Give again only the lines from the line that holds "2009年11月1日、ワールドシリーズ第4戦 フィリーズ対ヤンキース 5回表、左前に適時打を放つジーター" to the end of the data, inclusive, omitting all pictures.

┌─ DATA SUPPLIED

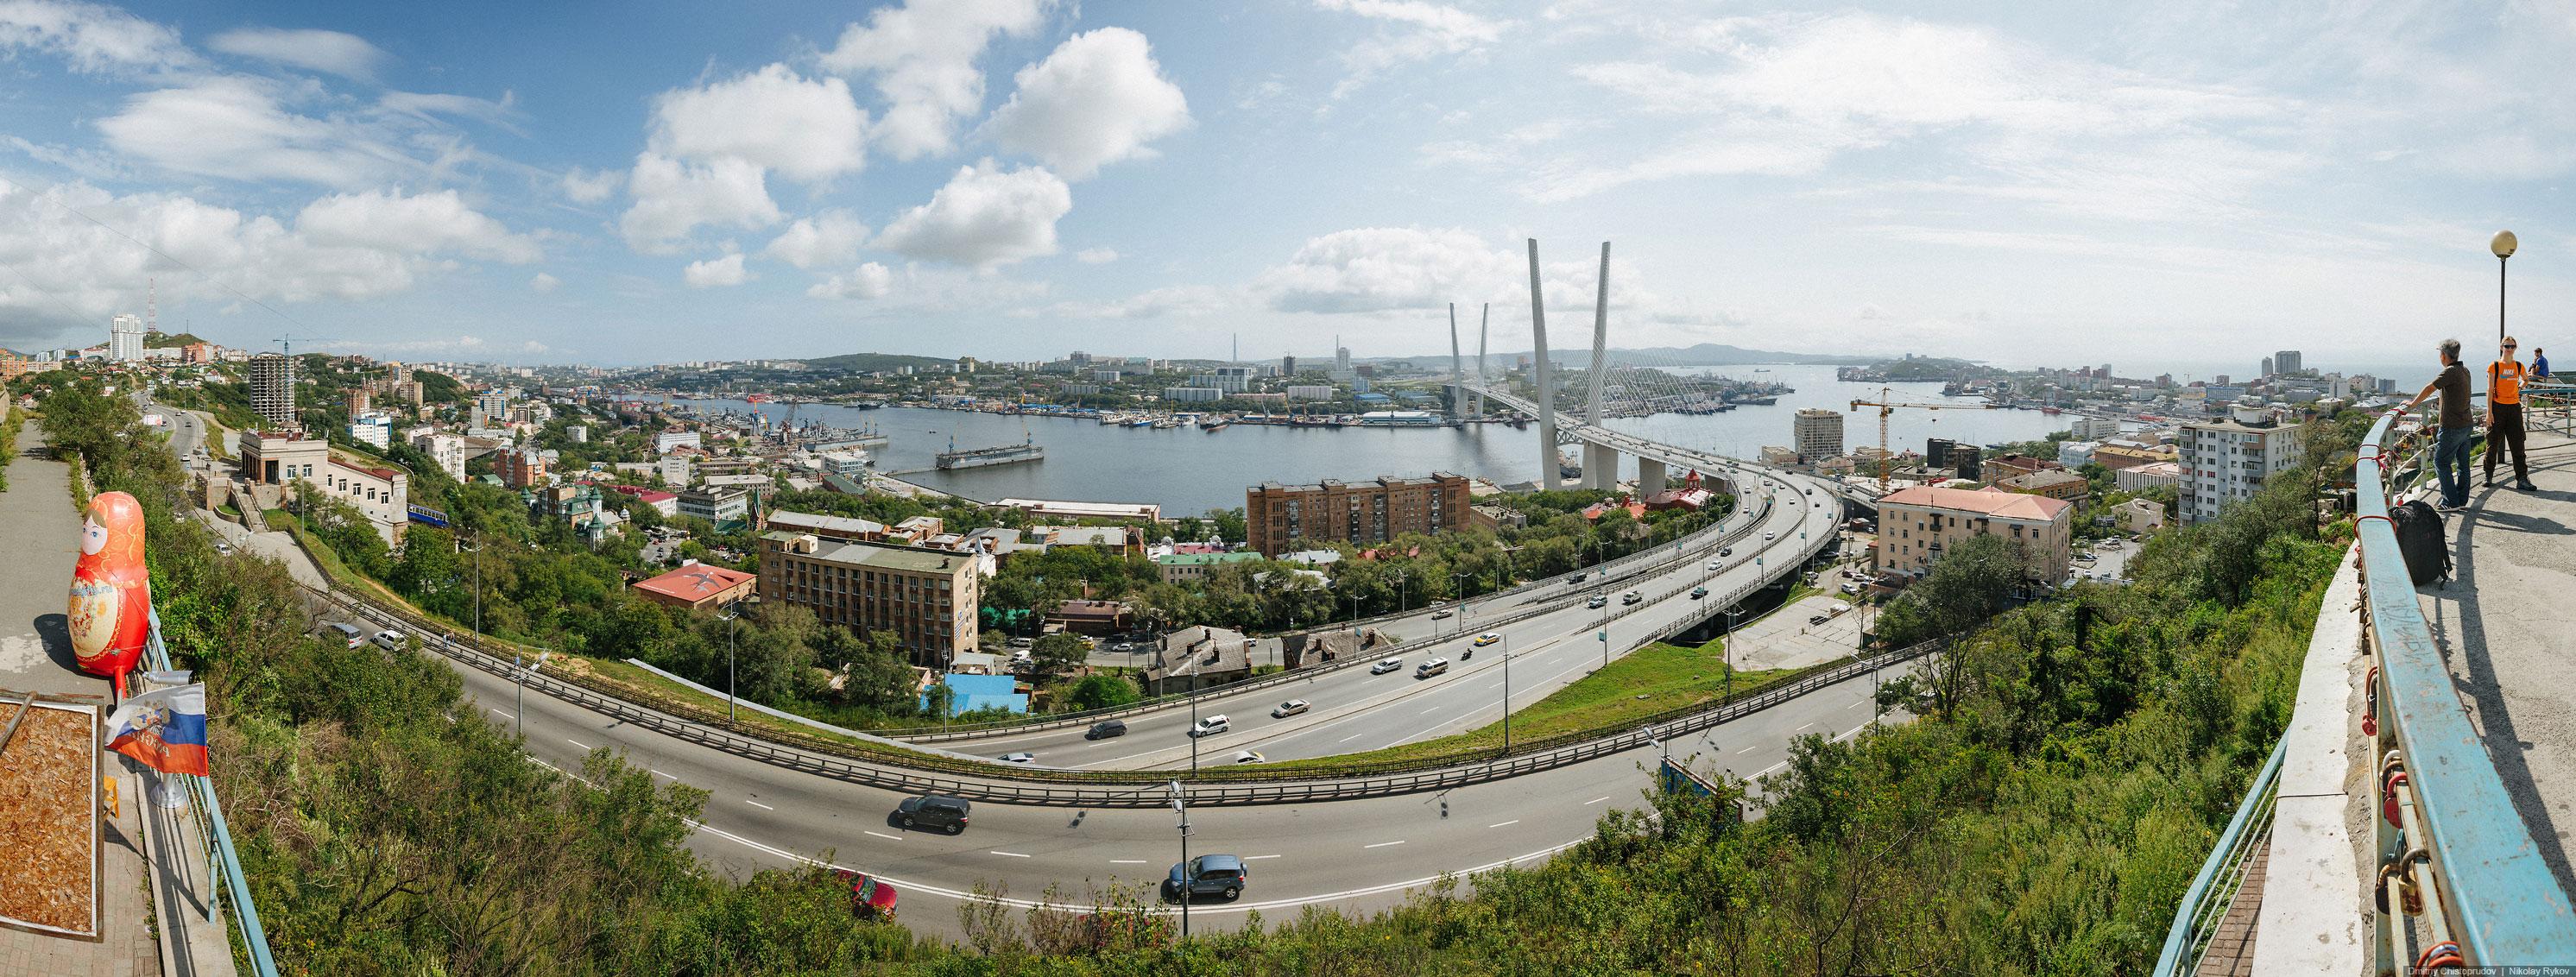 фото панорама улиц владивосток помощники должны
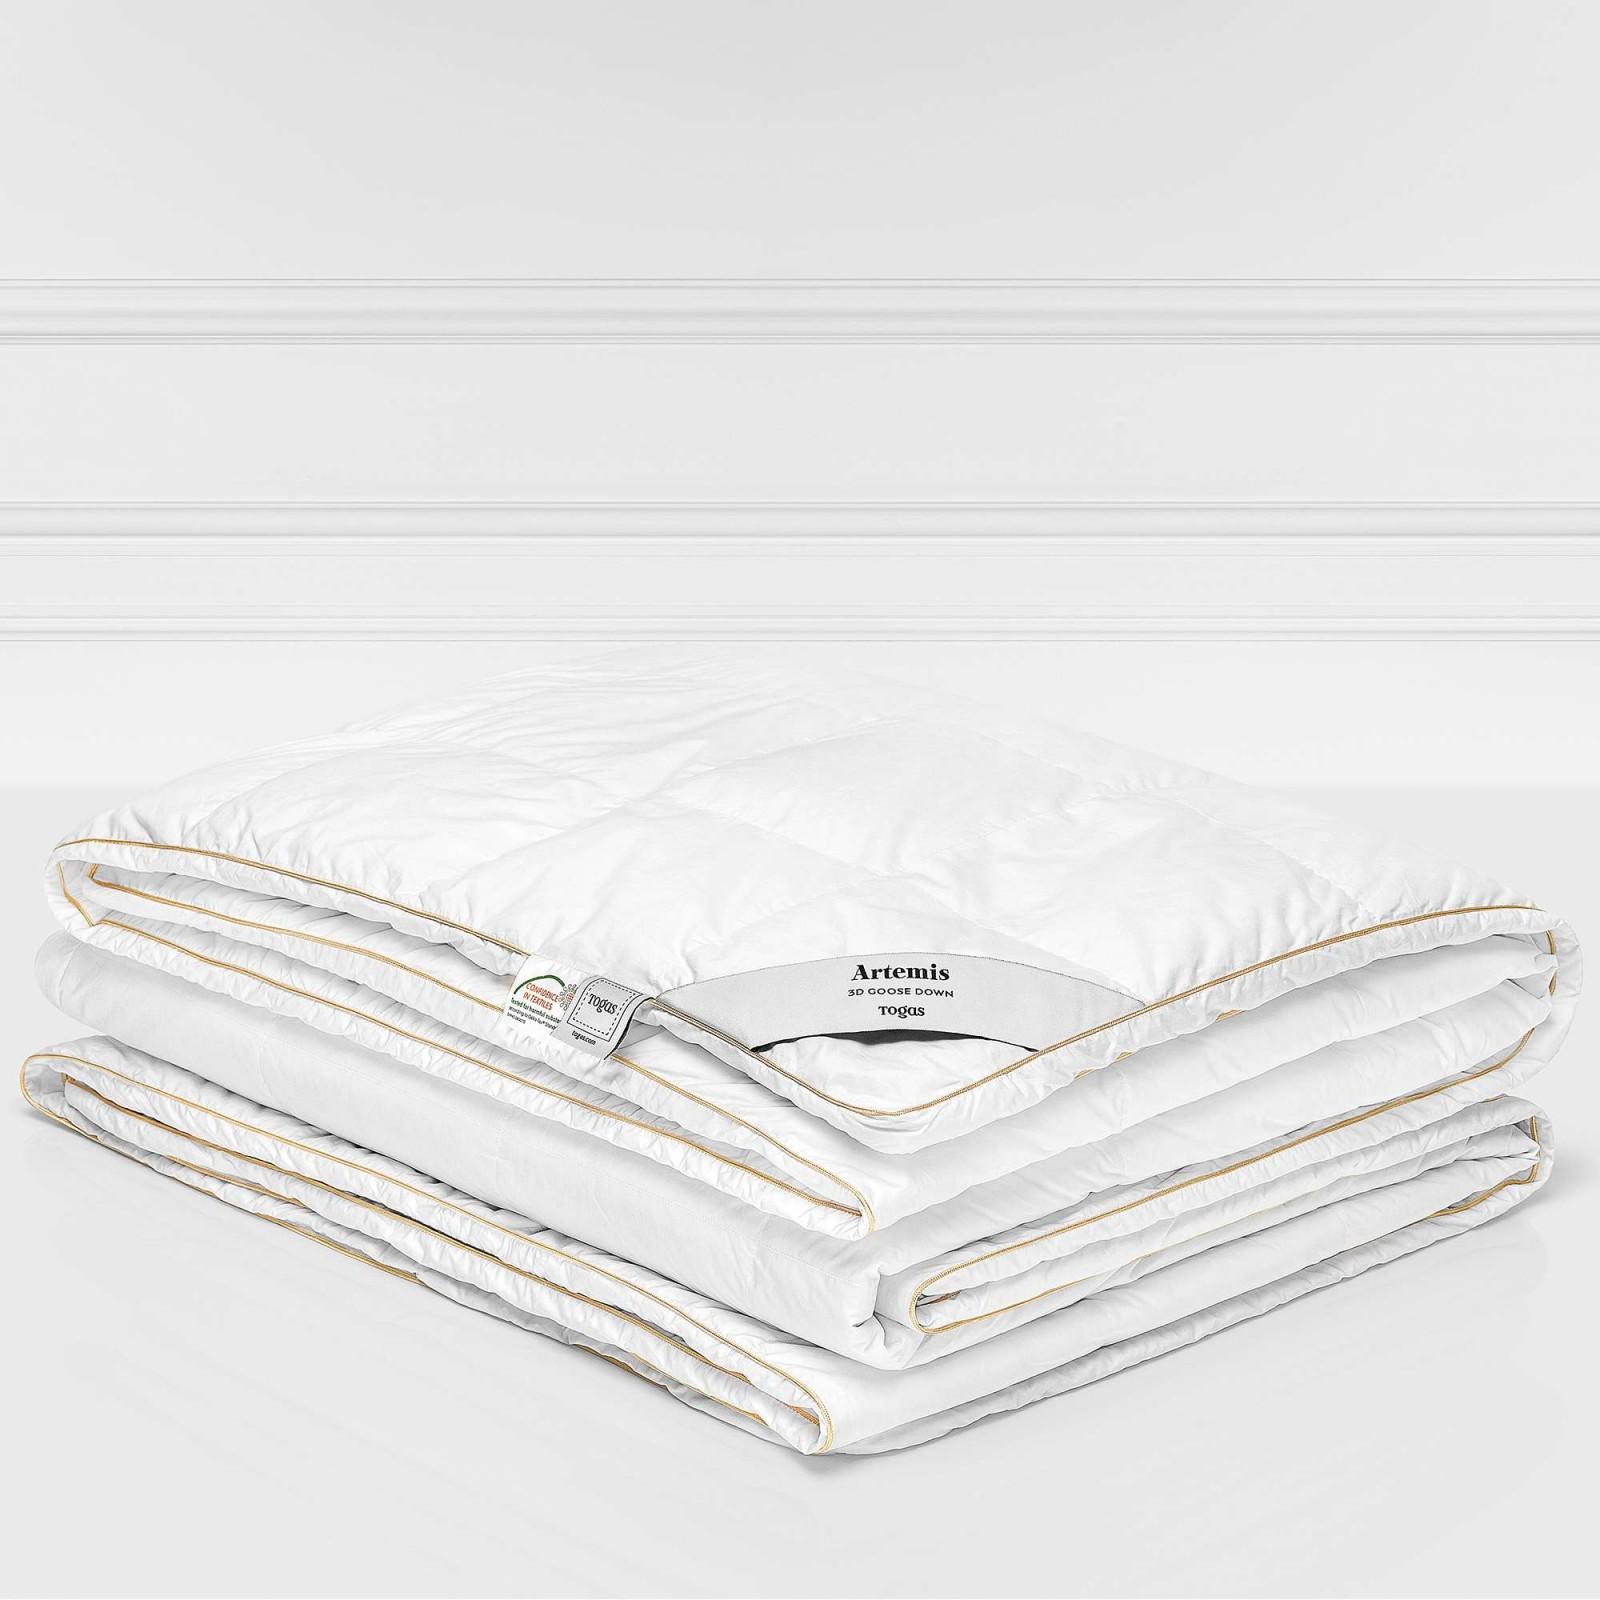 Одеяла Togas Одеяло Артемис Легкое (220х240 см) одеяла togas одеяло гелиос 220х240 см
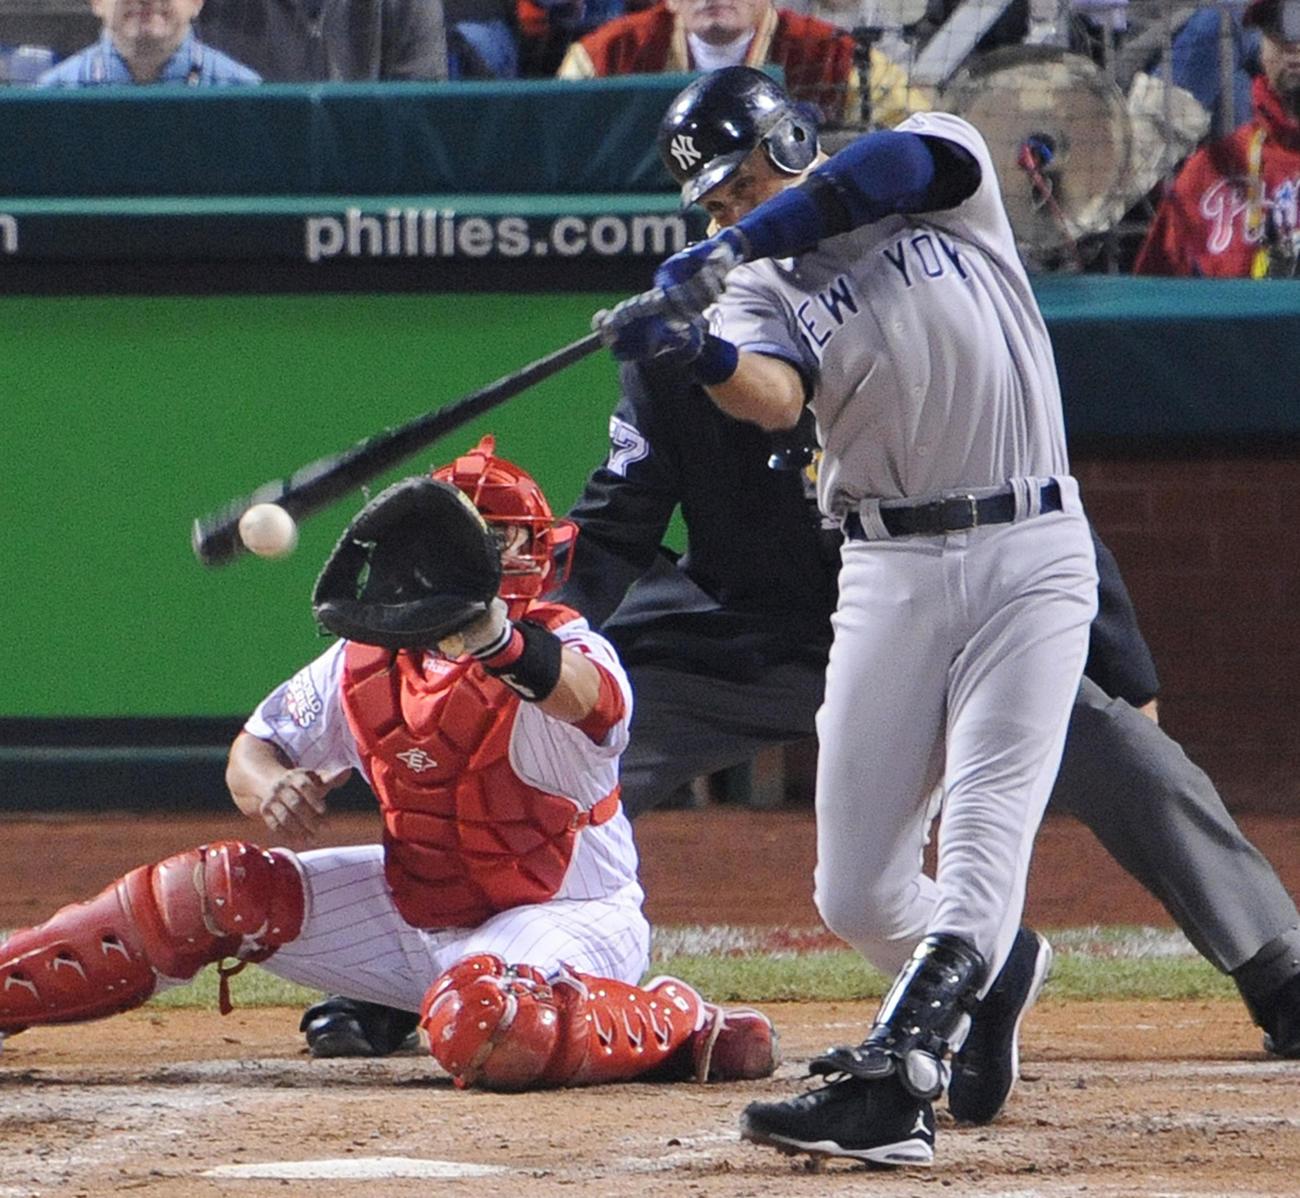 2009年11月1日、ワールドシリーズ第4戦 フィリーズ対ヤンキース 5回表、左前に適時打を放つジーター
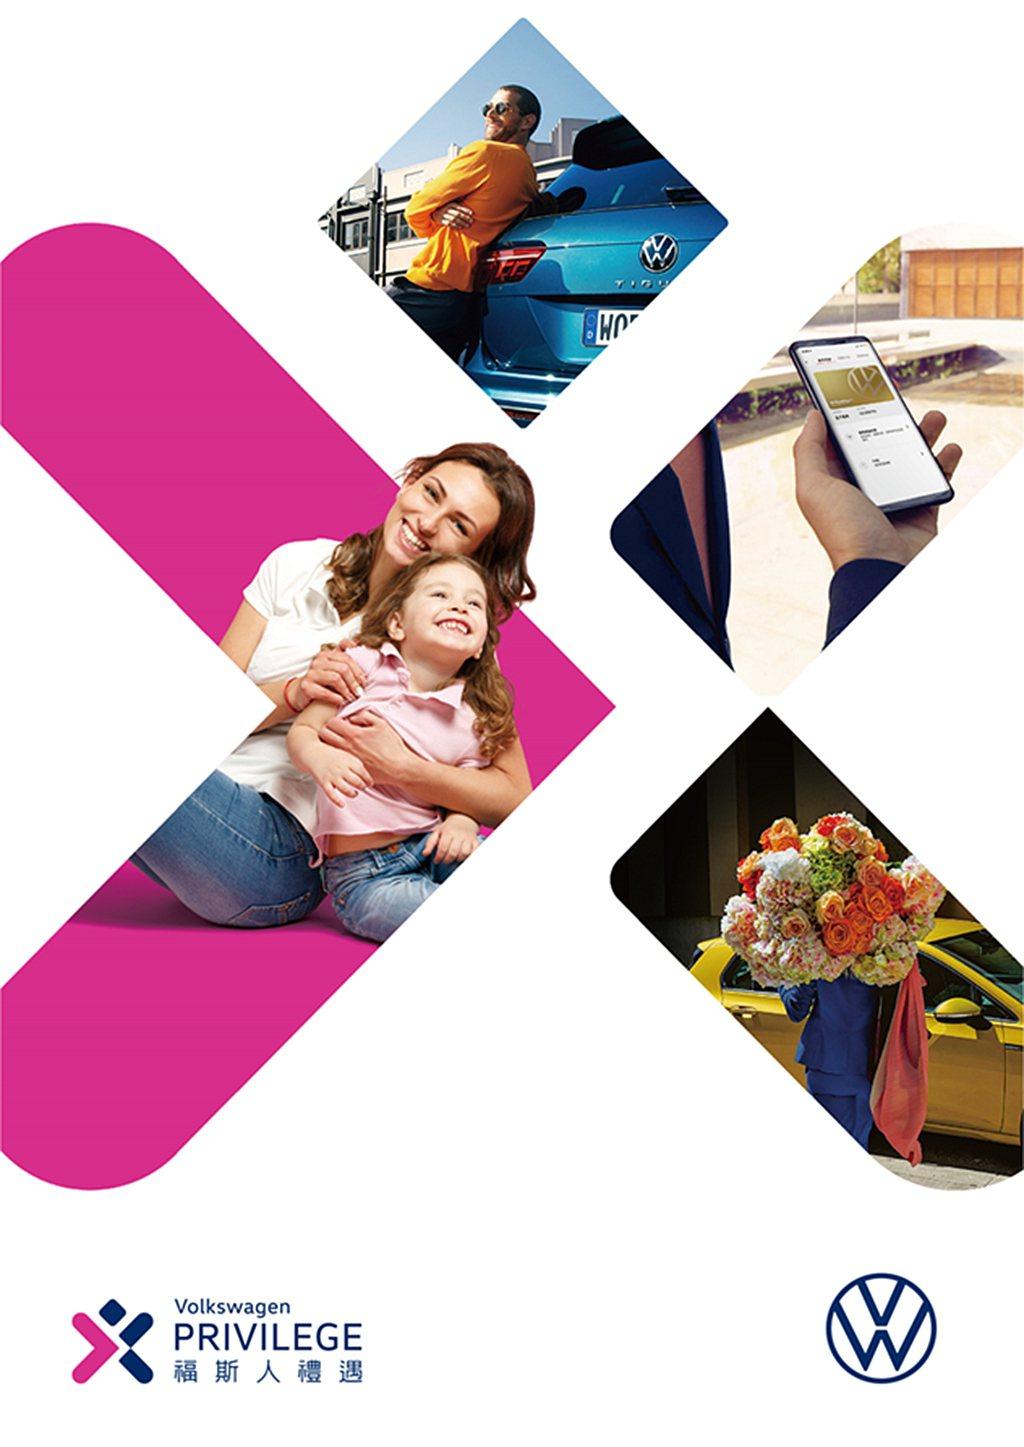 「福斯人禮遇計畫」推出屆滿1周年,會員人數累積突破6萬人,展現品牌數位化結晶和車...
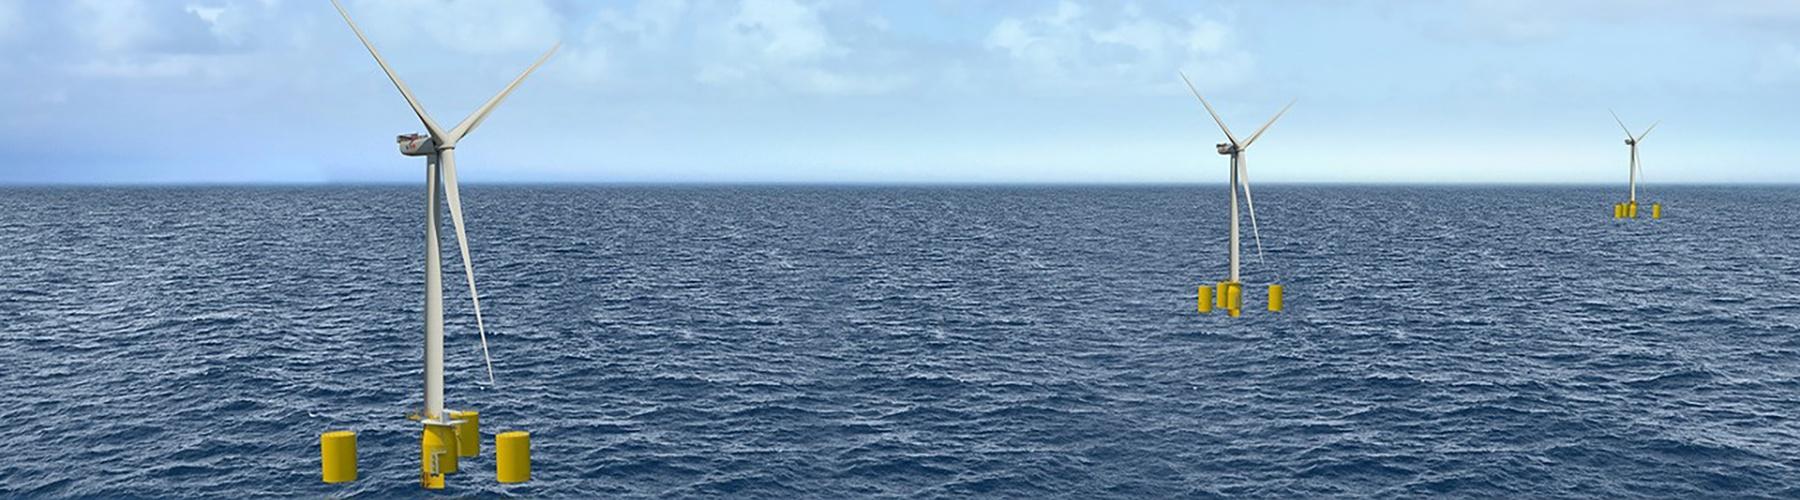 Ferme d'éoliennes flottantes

└─

> **RESPONSE TO THE TASK**:
 2009年11月1日、ワールドシリーズ第4戦 フィリーズ対ヤンキース 5回表、左前に適時打を放つジーター
 「福斯人禮遇計畫」推出屆滿1周年,會員人數累積突破6萬人,展現品牌數位化結晶和車...
 Ferme d'éoliennes flottantes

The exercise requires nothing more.